Cancer Essay Competition – 2nd Prize Winner

Diya Kapila - 2nd Prize Winner
Diya Kapila

Our 2nd prize winner is:

 Diya Kapila

Diya is in her final year at Imperial College School of Medicine, where she undertook a BSc in Gastroenterology and Hepatology. She has worked as an academic researcher exploring the microbiome and its role in Clostridium Difficile infection. In the future, she hopes to pursue an academic clinical career in medicine. Congratulations, Diya!

Microbiome and Cancer: a Promising Future

This decade, the thrilling evolution of novel systems biology technologies has allowed us to explore the nexus between health and disease with greater innovation and scrutiny than ever before. Through metabonomics, metabolite exploration of biofluids, and metagenomics/metataxonomics, quantifying structure and functions of bacterial communities (1), the pronounced role of our microbiome in carcinogenesis, immune-surveillance and disease is becoming highly evident. Yet its vast future role in cancer investigation and treatment remains largely uncertain, with several important questions still to be answered.

Research purporting to the importance of our gut microbiome in various diseases, including Crohn’s disease, asthma and diabetes, is widely recognised. However, we are now gaining an appreciation of the complex interplay between our microbiome, inflammation and cancer: colorectal carcinogenesis is a notable example where gut F. nucleatum, B. fragilis, S.bovis and E. coli appear to play an active role (2). Another interesting facet of our microbiome is its relationship with our bile acid composition and pool size. Disturbance to this equilibrium can lead to numerous gastrointestinal cancers: research links cirrhosis, faecal bile acid concentrations and gut microbiota composition (3); and microbiota-mediated production of deoxycholic acid is associated with hepatocellular carcinoma (4). Interestingly, recent evidence shows that our gut microbiota play a further role, to enhance tumour immune-surveillance (5). It is now being shown that even cancer therapies, including oxaliplatin and cyclophosphamide efficacy are affected by distinct microbial environments (5). This renders the question: could we manipulate our microbiome to enhance chemotherapy in the future? The ability to modify our microbiome is remarkable, notably through probiotics, diet, antibiotics and age- perhaps now we could use this knowledge to alter it as a medical adjuvant to treatment, or even as a treatment itself.

Despite acquiring the tools and the interest to develop new microbiome therapeutics, multiple questions and challenges still remain unaddressed. Unearthing the ‘good’ bacteria from the ‘bad’ is one immense challenge; it is hard to identify whether all these reported microbiome alterations are the cause or effect of carcinogenesis. Furthermore, manipulating our microbiome may have unwanted effects on other disease states or major safety implications (6). If we were to resolve these initial difficult questions, through initial honing of bacterial profiling and function, we would be one step closer to creating innovative screening tools, biomarkers and exciting therapeutics.

It is most definitely an enthralling, but challenging, time for novel system biology technologies and scientists are now beginning to fully uncover the inescapable significance of “microbiome immune-oncology” in cancer treatment and prevention.

References:

(1) Marchesi JR, Adams DH, Fava F, Hermes GDA, Hirschfield GM, Hold G, et al.

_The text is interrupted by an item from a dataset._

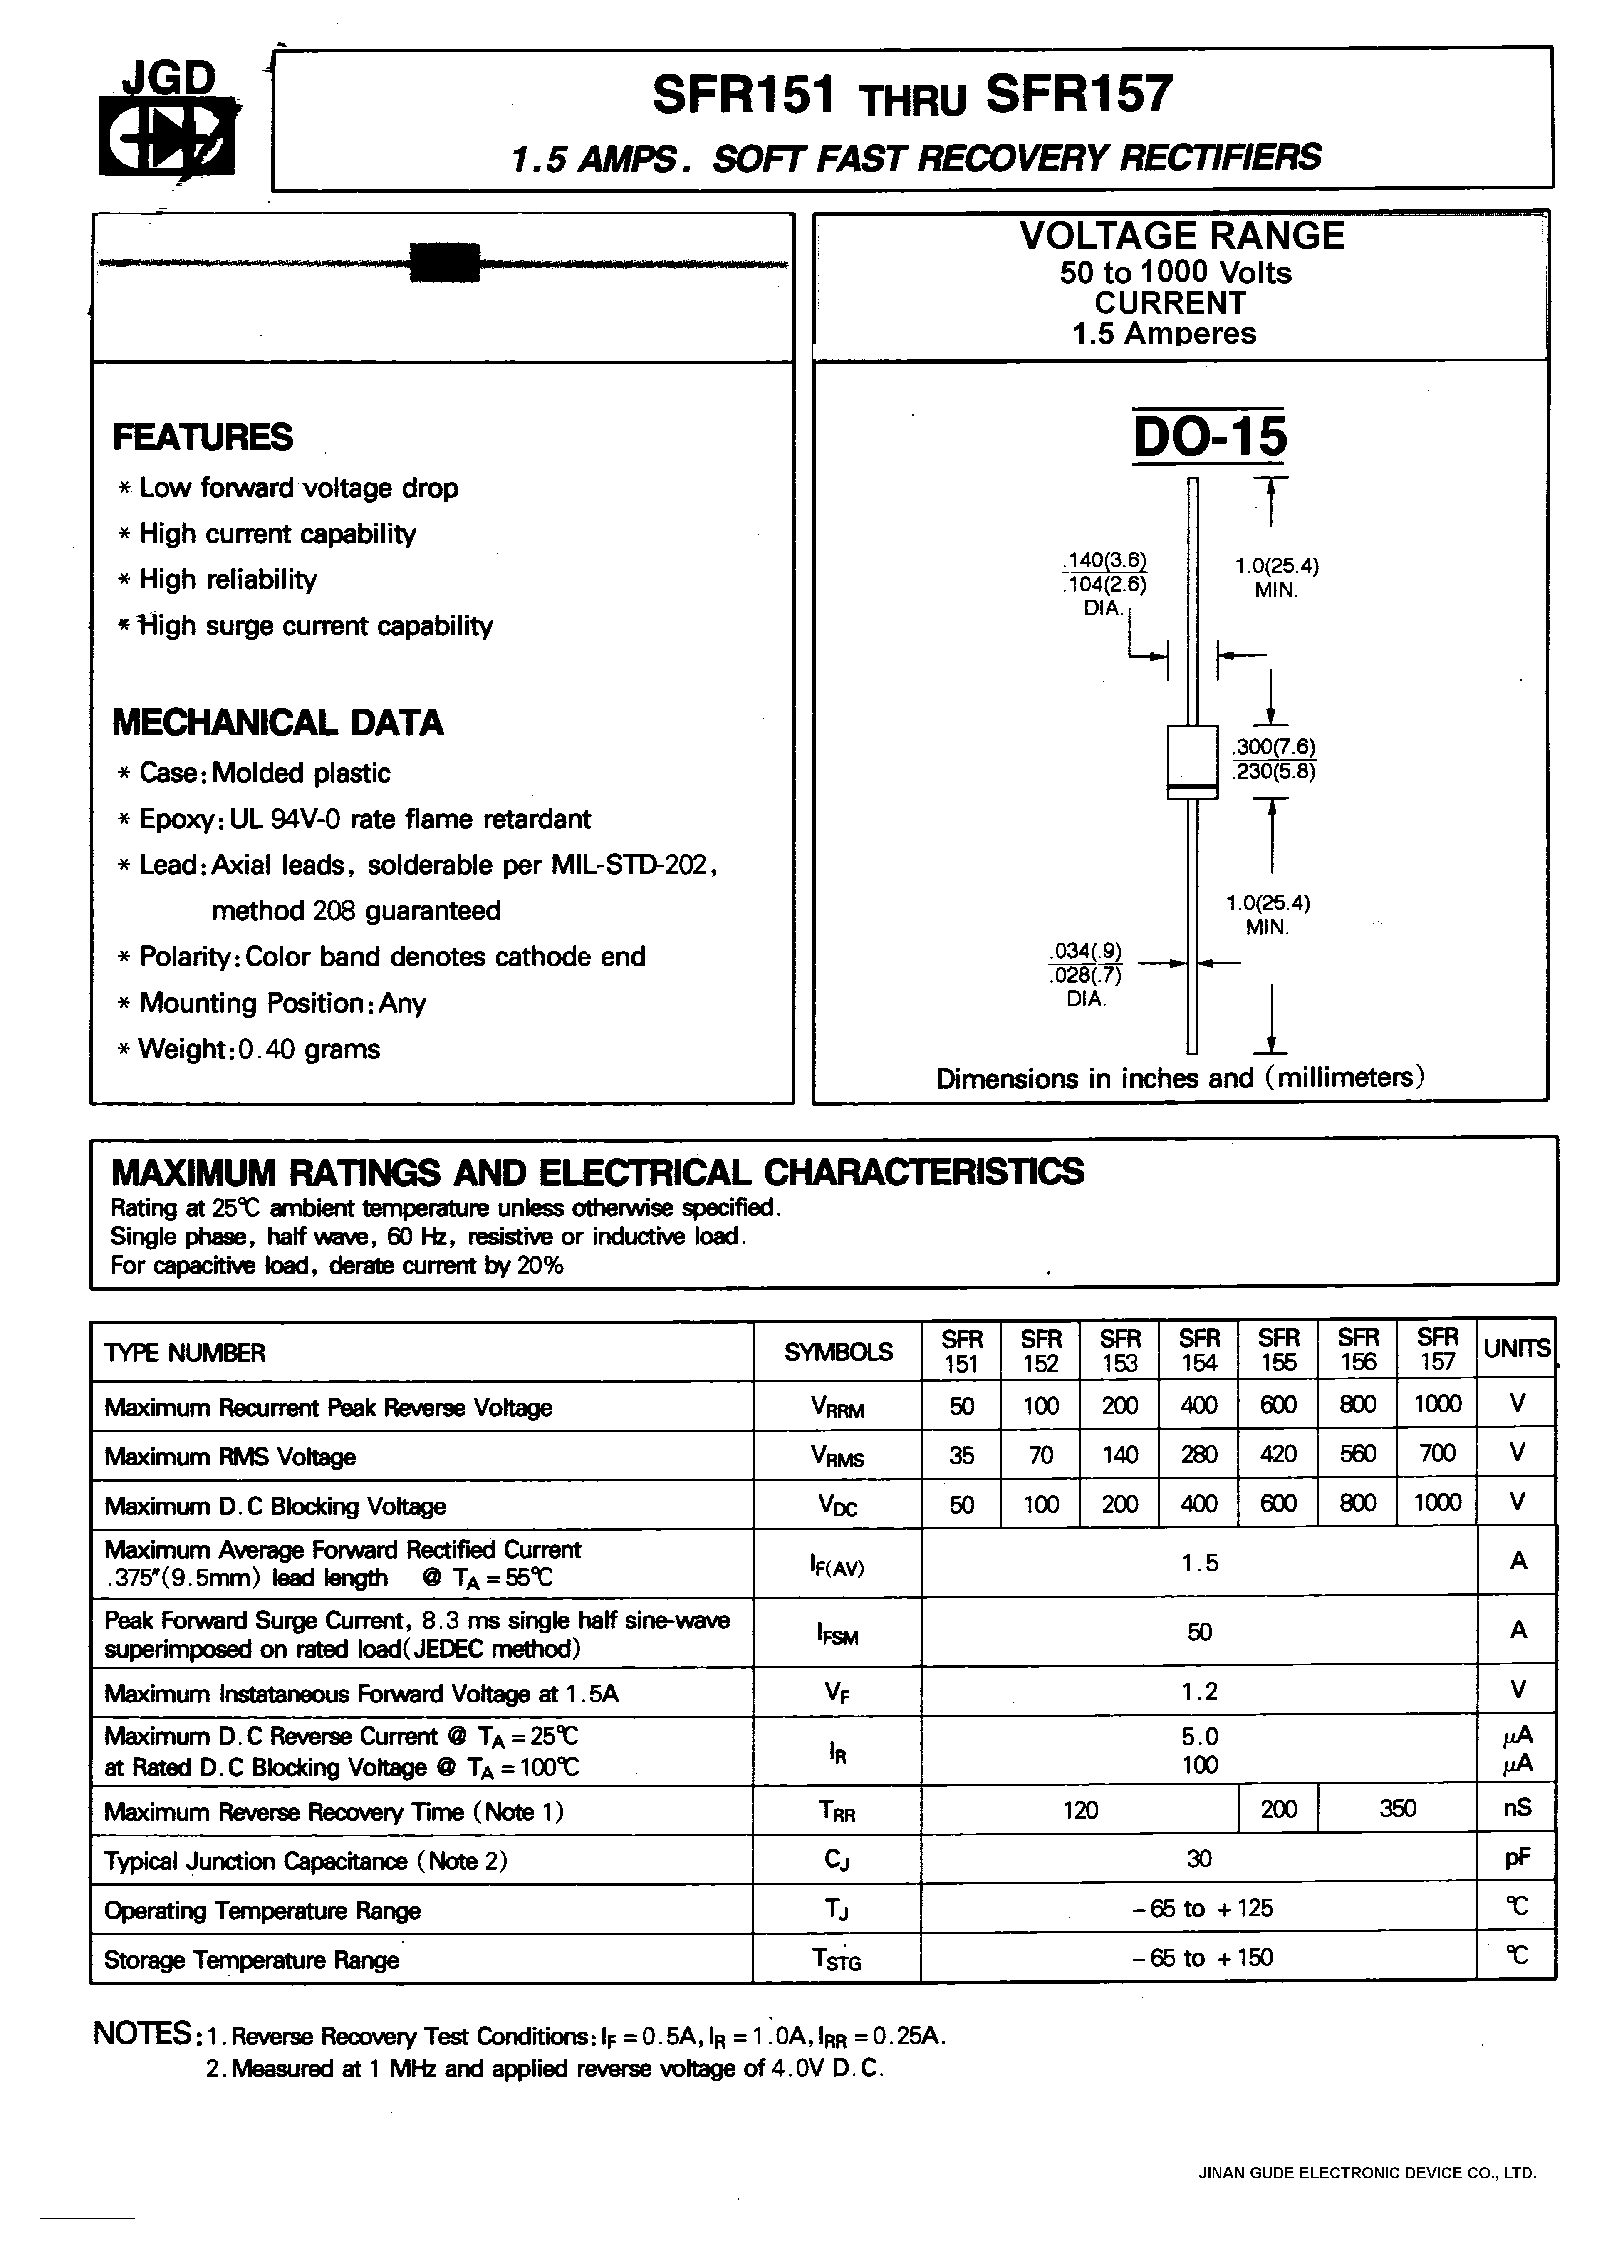 Datasheet SFR151 - 1.5 AMPS. SOFT FAST RECOVERY RECTIFIERS page 1

The gut microbiota and host health: a new clinical frontier. Gut. 2016;65(2):330–339.

(2) Lucas C, Barnich N, Nguyen HTT. Microbiota, Inflammation and Colorectal Cancer. International Journal of Molecular Sciences. 2017;18(6):1310.

(3) Kakiyama G, Pandak WM, Gillevet PM, Hylemon PB, Heuman DM, Daita K, et al. Modulation of the fecal bile acid profile by gut microbiota in cirrhosis. J Hepatol. 2013;58(5):949–955.

(4) Yoshimoto S, Loo TM, Atarashi K, Kanda H, Sato S, Oyadomari S, et al. Obesity-induced gut microbial metabolite promotes liver cancer through senescence secretome. Nature. 2013;499(7456): 97–101.

(5) Zitvogel L, Ayyoub M, Routy B, Kroemer G. Microbiome and Anticancer Immunosurveillance. Cell. 2016;165(2):276-287.

(6) Mimee M, Citorik RJ, Lu TK. Microbiome therapeutics – Advances and challenges. Adv Drug Deliv Rev. 2016;105(Pt A):44-54.